A Case Study Integrating Model Uncertainty, Foundation Models and Physics-Informed Neural Networks for Reservoir Characterization

Carbon storage sites are often developed in saline aquifers with limited local well data, rather than in data-rich abandoned oil and gas fields. We therefore need to make sure that reservoir characterization methods that we are using as time and cost efficient as well as accurate, reliable, and robust to work in such low-data environments. To achieve this, incorporating approaches to quantify uncertainty is vital.

Two uncertainty quantification methods are particularly relevant for this context: Monte Carlo dropout (Approach 1) and implicit model ensemble averaging (Approach 2). Monte Carlo dropout acts as a regularization technique, switching off neurons randomly during iterations, both in training and inference steps.
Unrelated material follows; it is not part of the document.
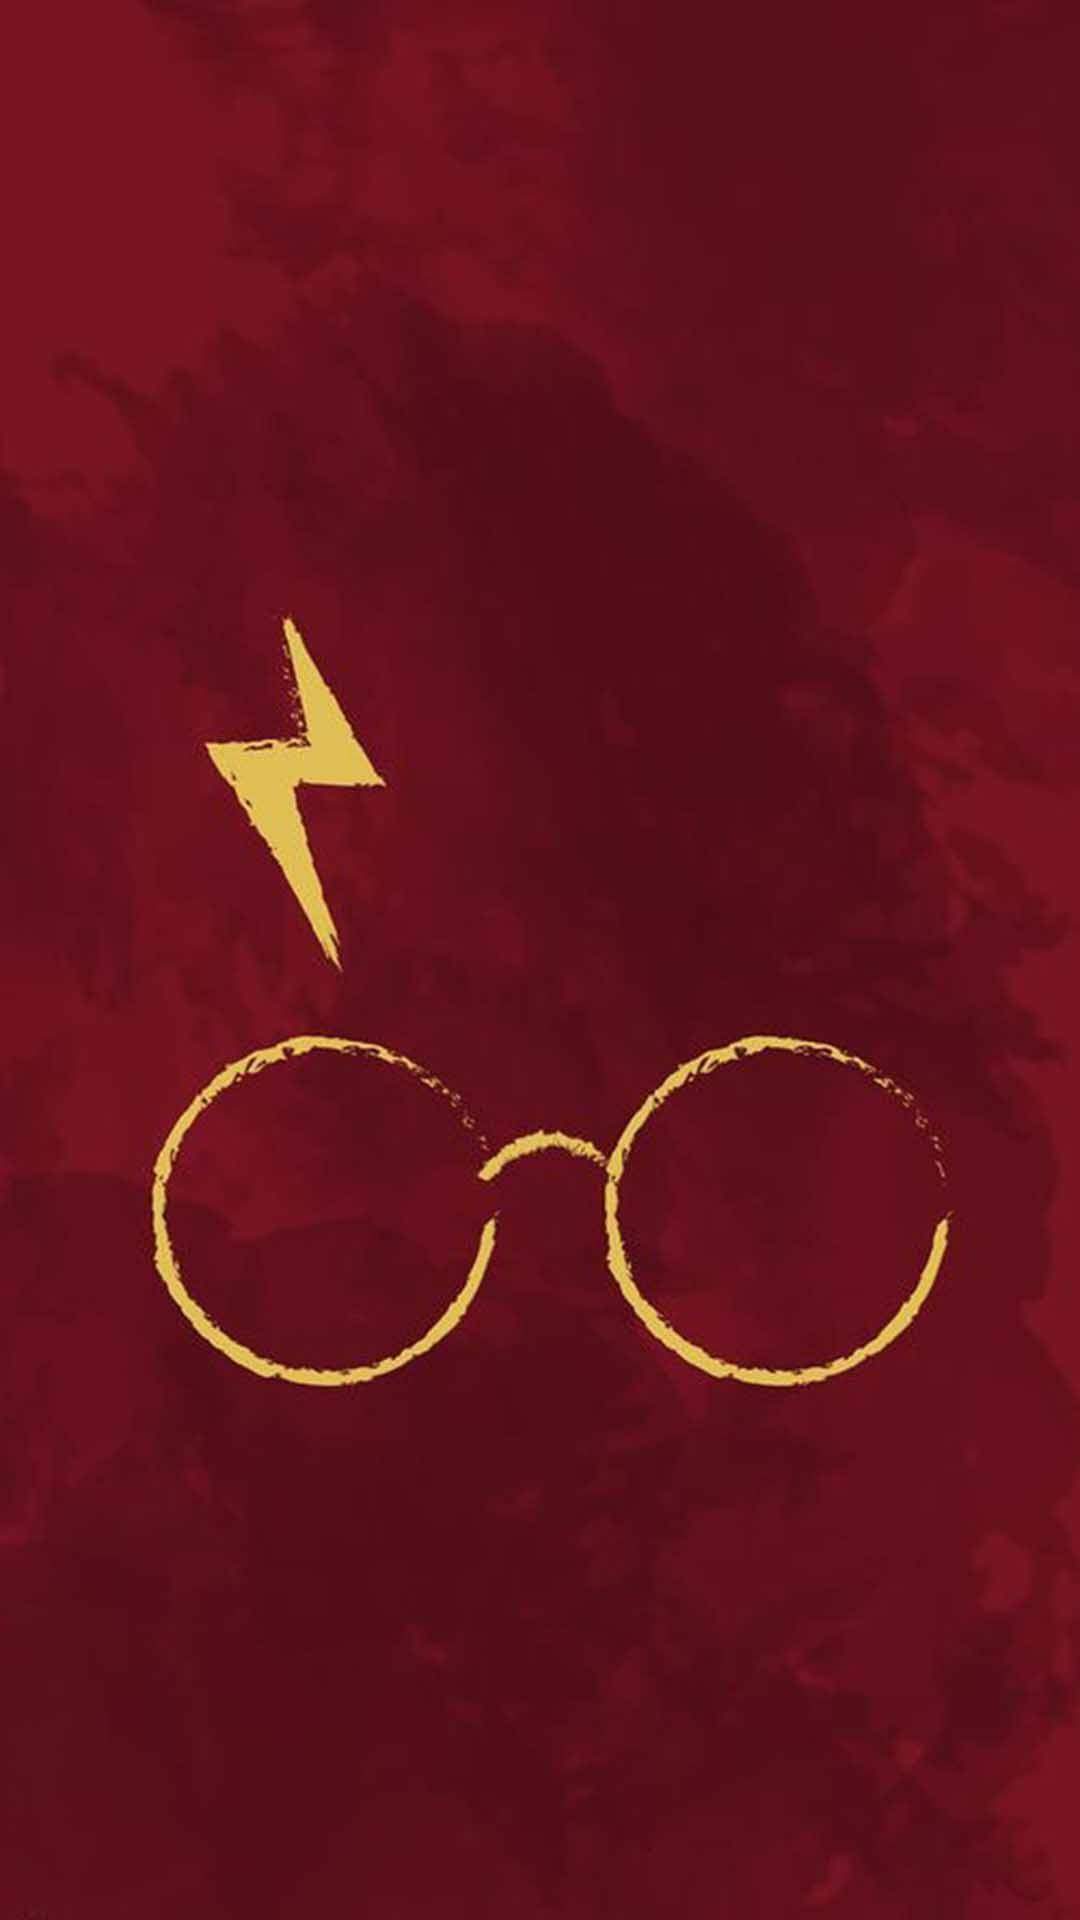 Harry Potter Aesthetic Wallpaper

This creates a dynamic architecture where information is distributed more evenly, and the variance of predictions across iterations provides bounds for prediction uncertainty. Such a method enhances reliability in low-data scenarios, where overfitting is a concern. Implicit model ensemble averaging leverages ensemble stacking, where multiple retrained models are combined, either by averaging (for continuous data) or majority voting (for categorical data). This approach provides statistical measures of uncertainty in property predictions by capturing the variability across models, enabling robust decision-making in the face of limited data availability.